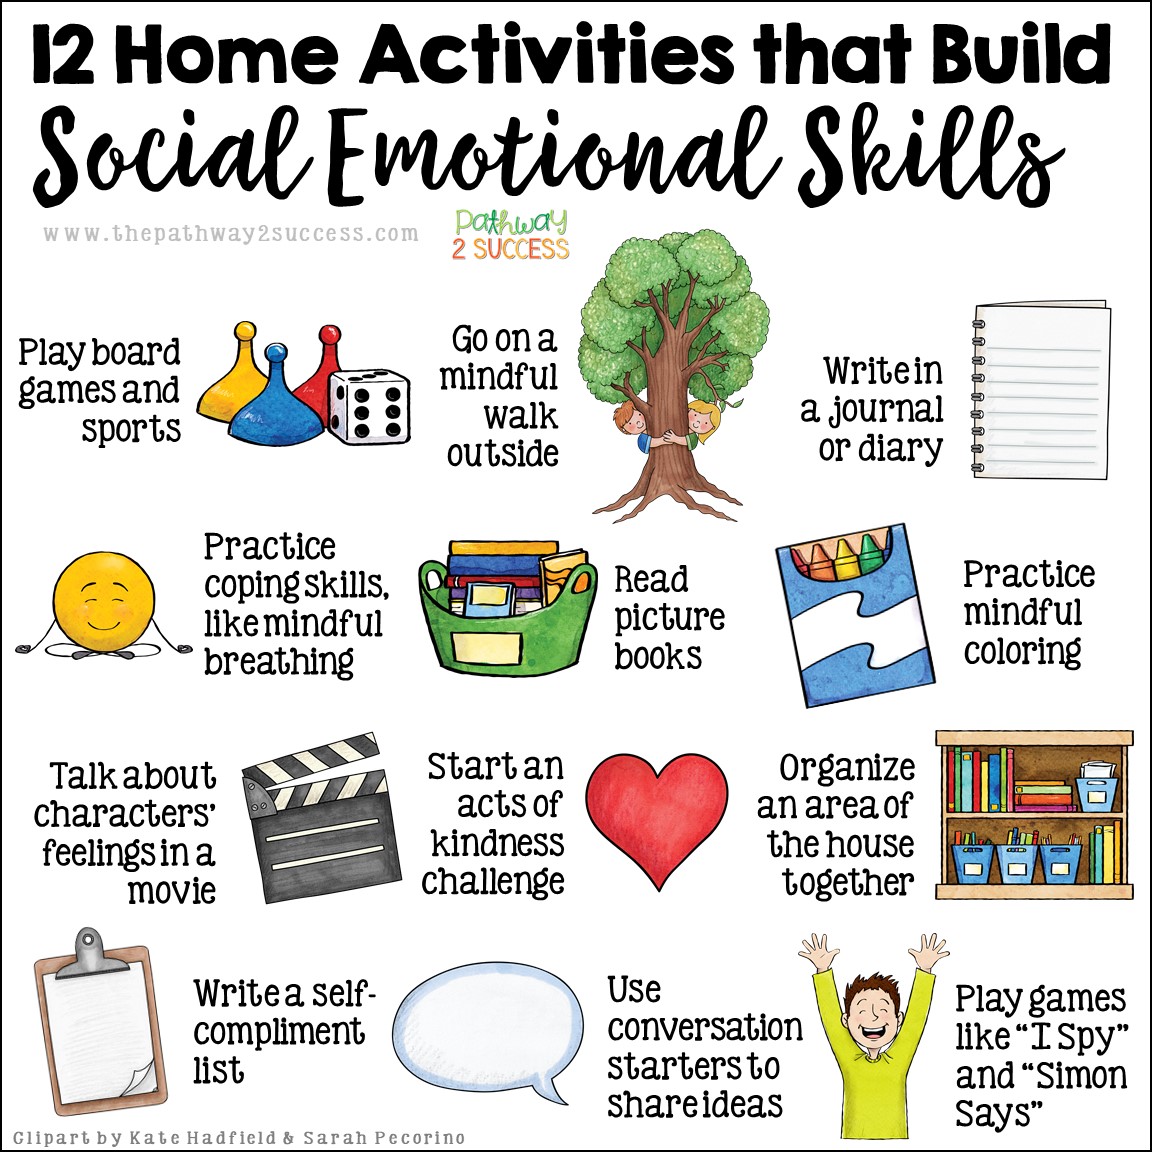 social emotional learning activities
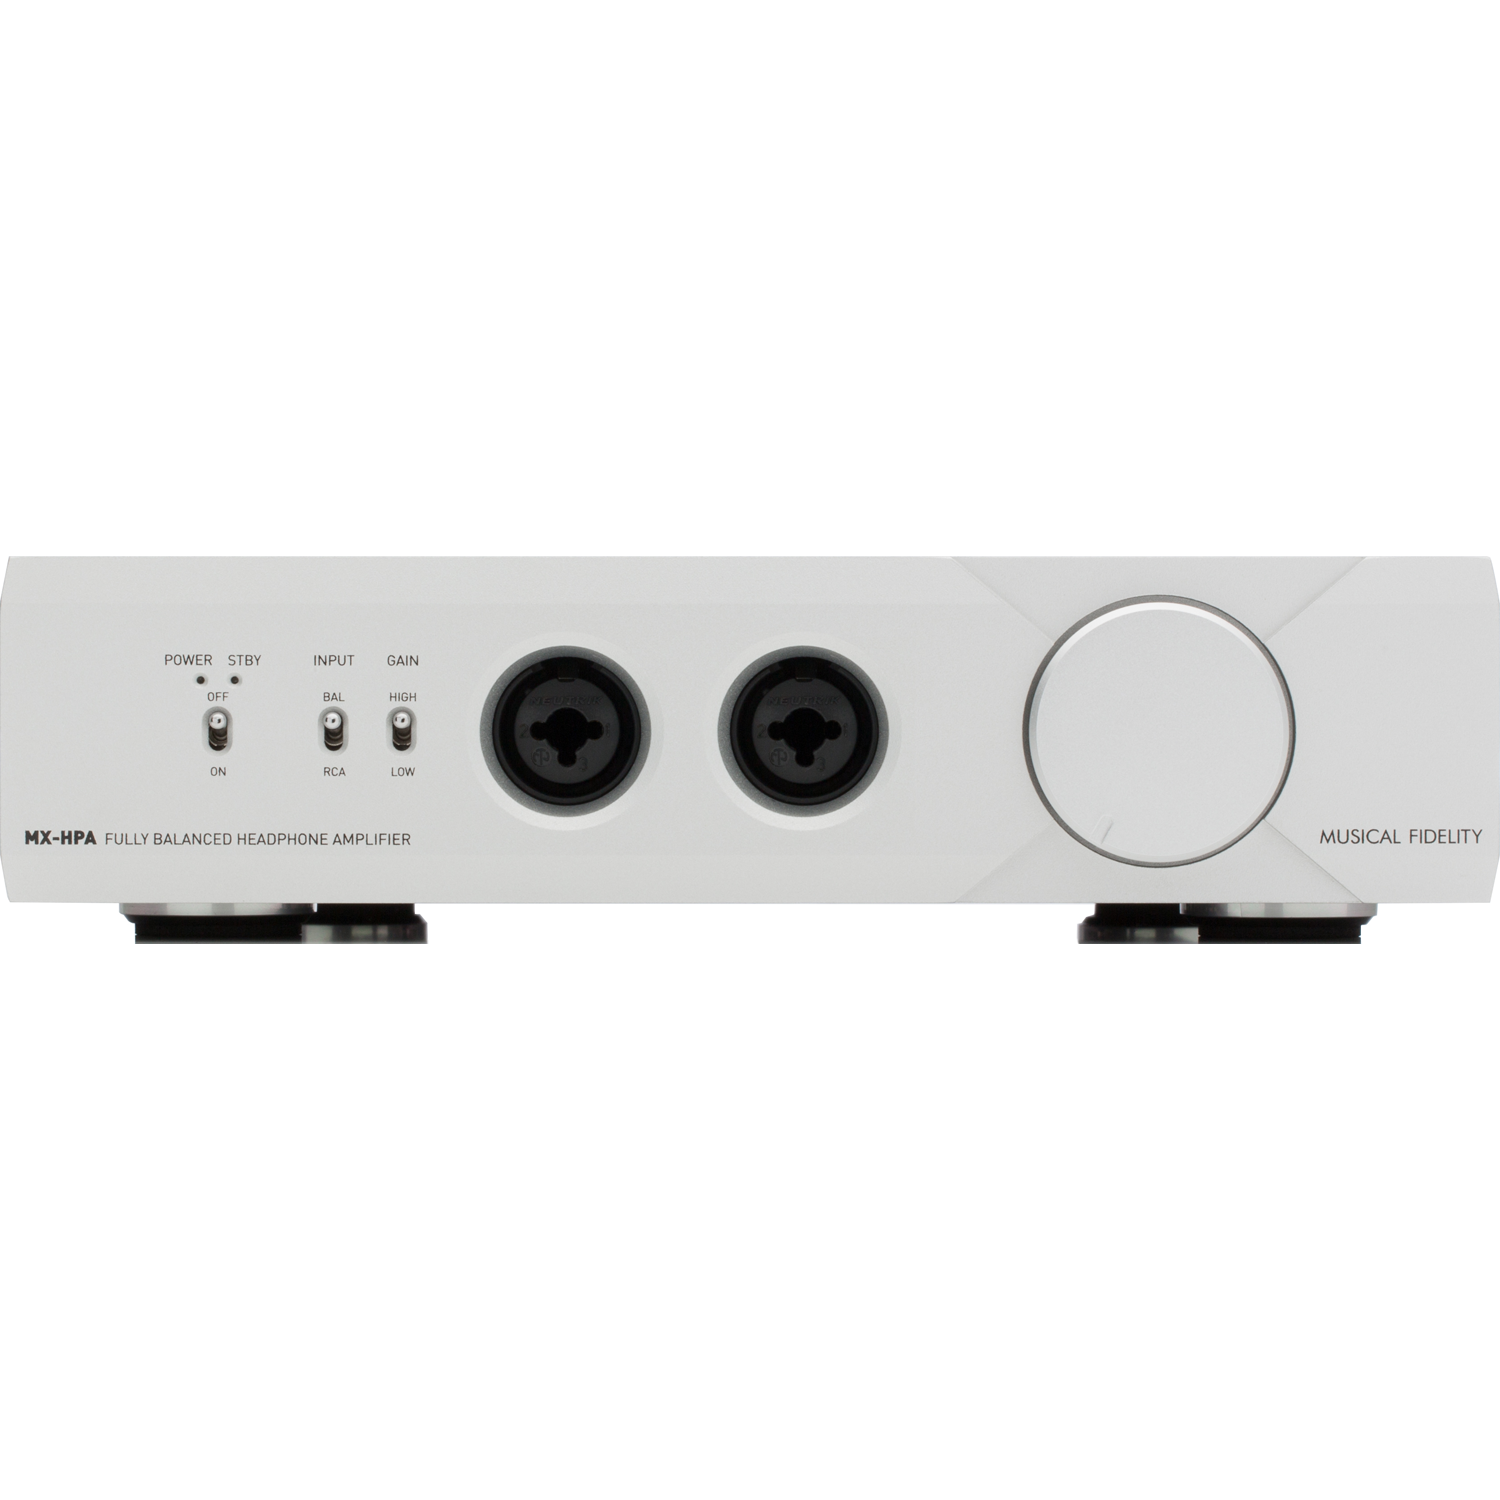 MUSICAL FIDELITY MX-HPA Headphone Amplifier Silver
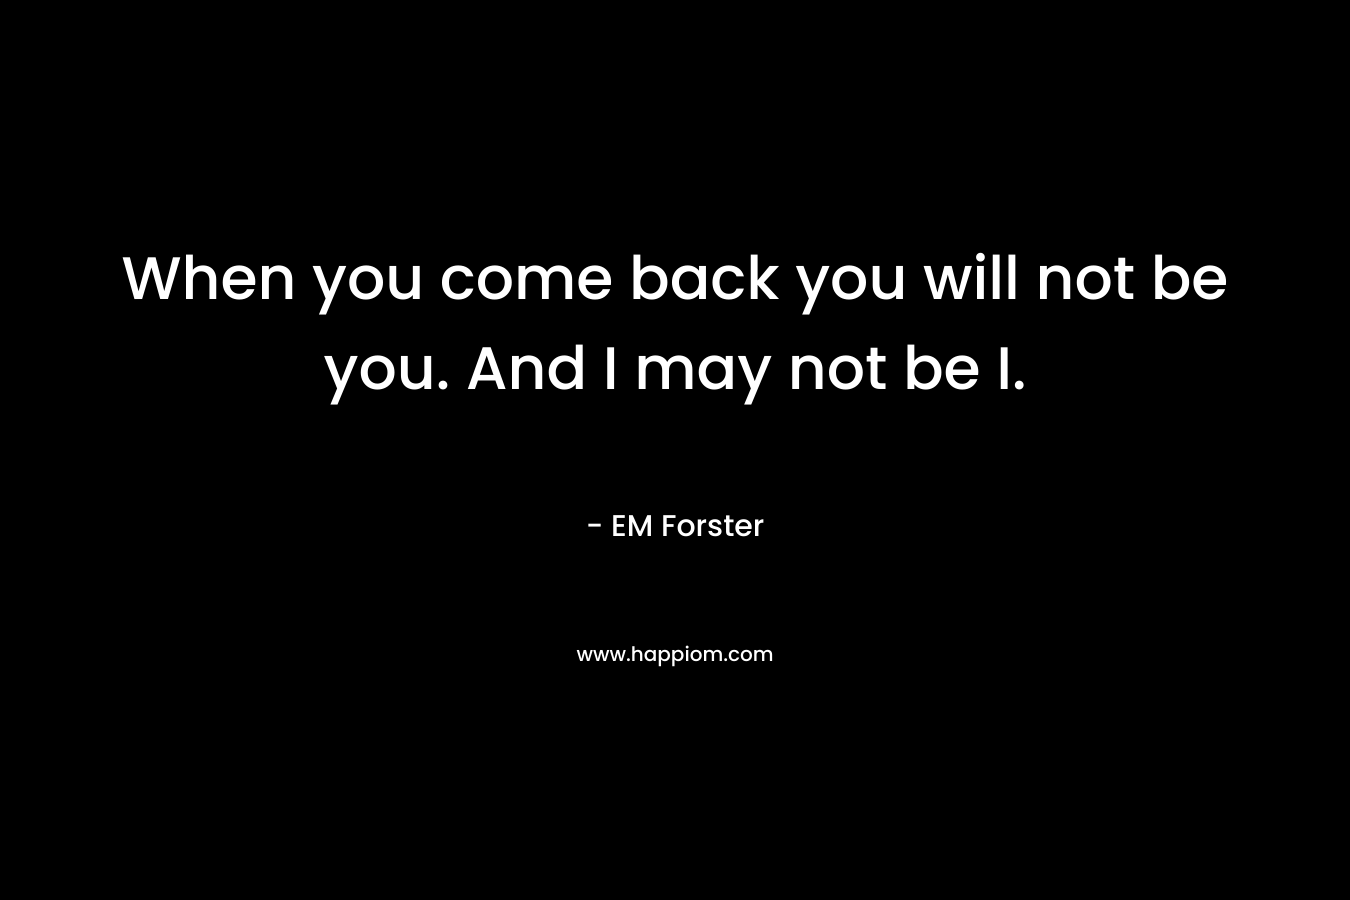 When you come back you will not be you. And I may not be I.
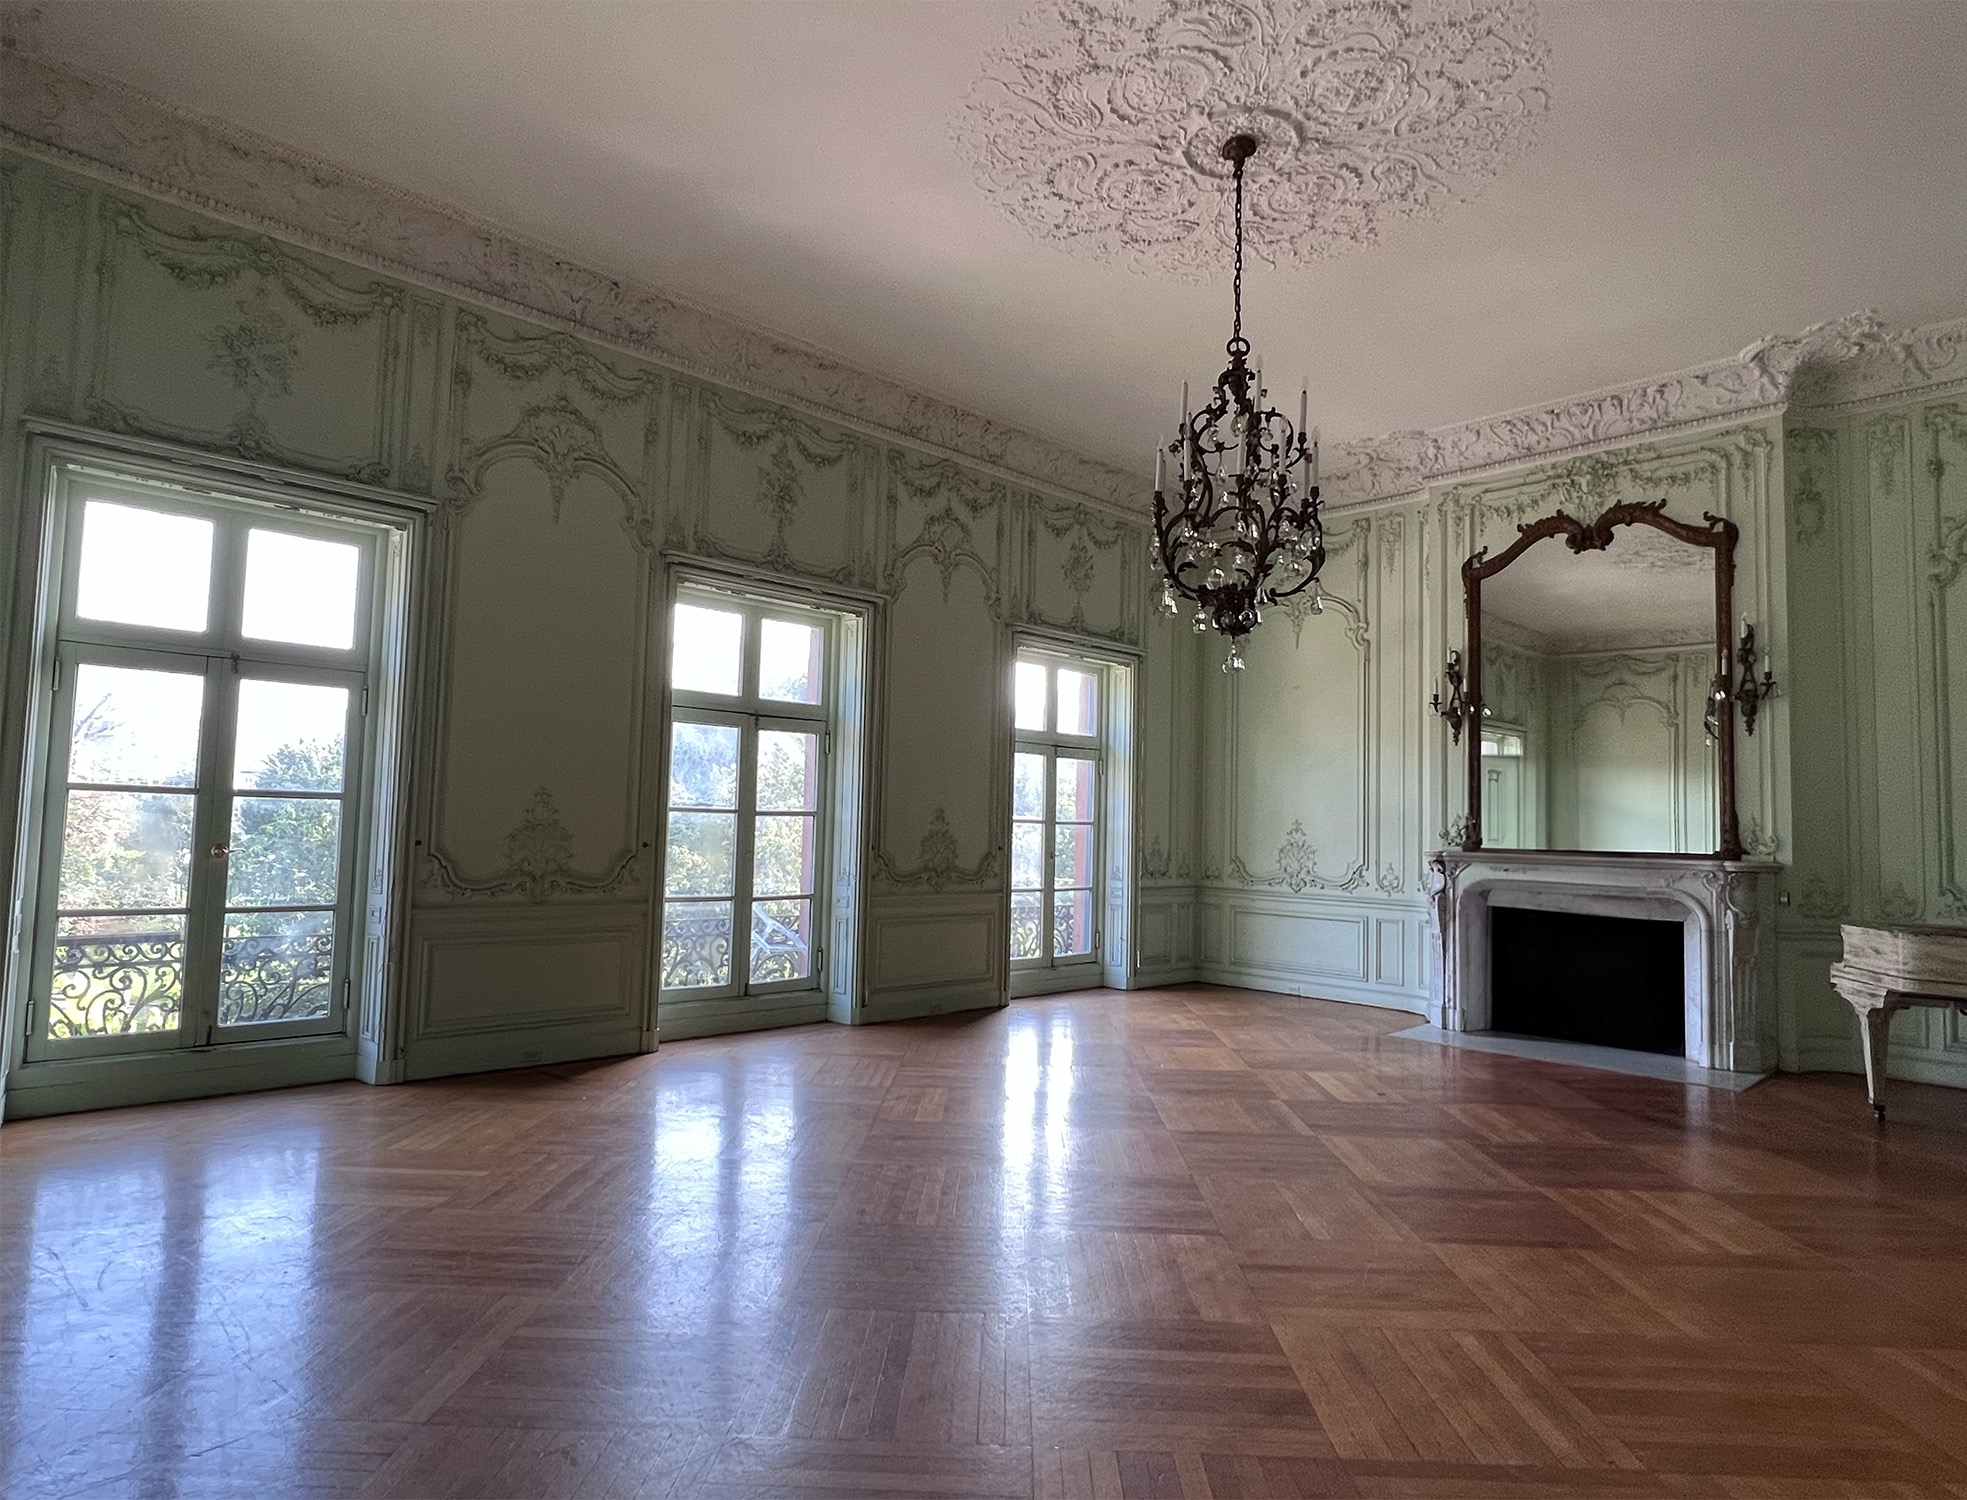 The French Room

PROBLEM STATEMENT: What you hand back should match the listing exactly, except that no pictures appear.

ANSWER FOR THE TASK:
 social emotional learning activities
 MUSICAL FIDELITY MX-HPA Headphone Amplifier Silver
 When you come back you will not be you. And I may not be I.
 The French Room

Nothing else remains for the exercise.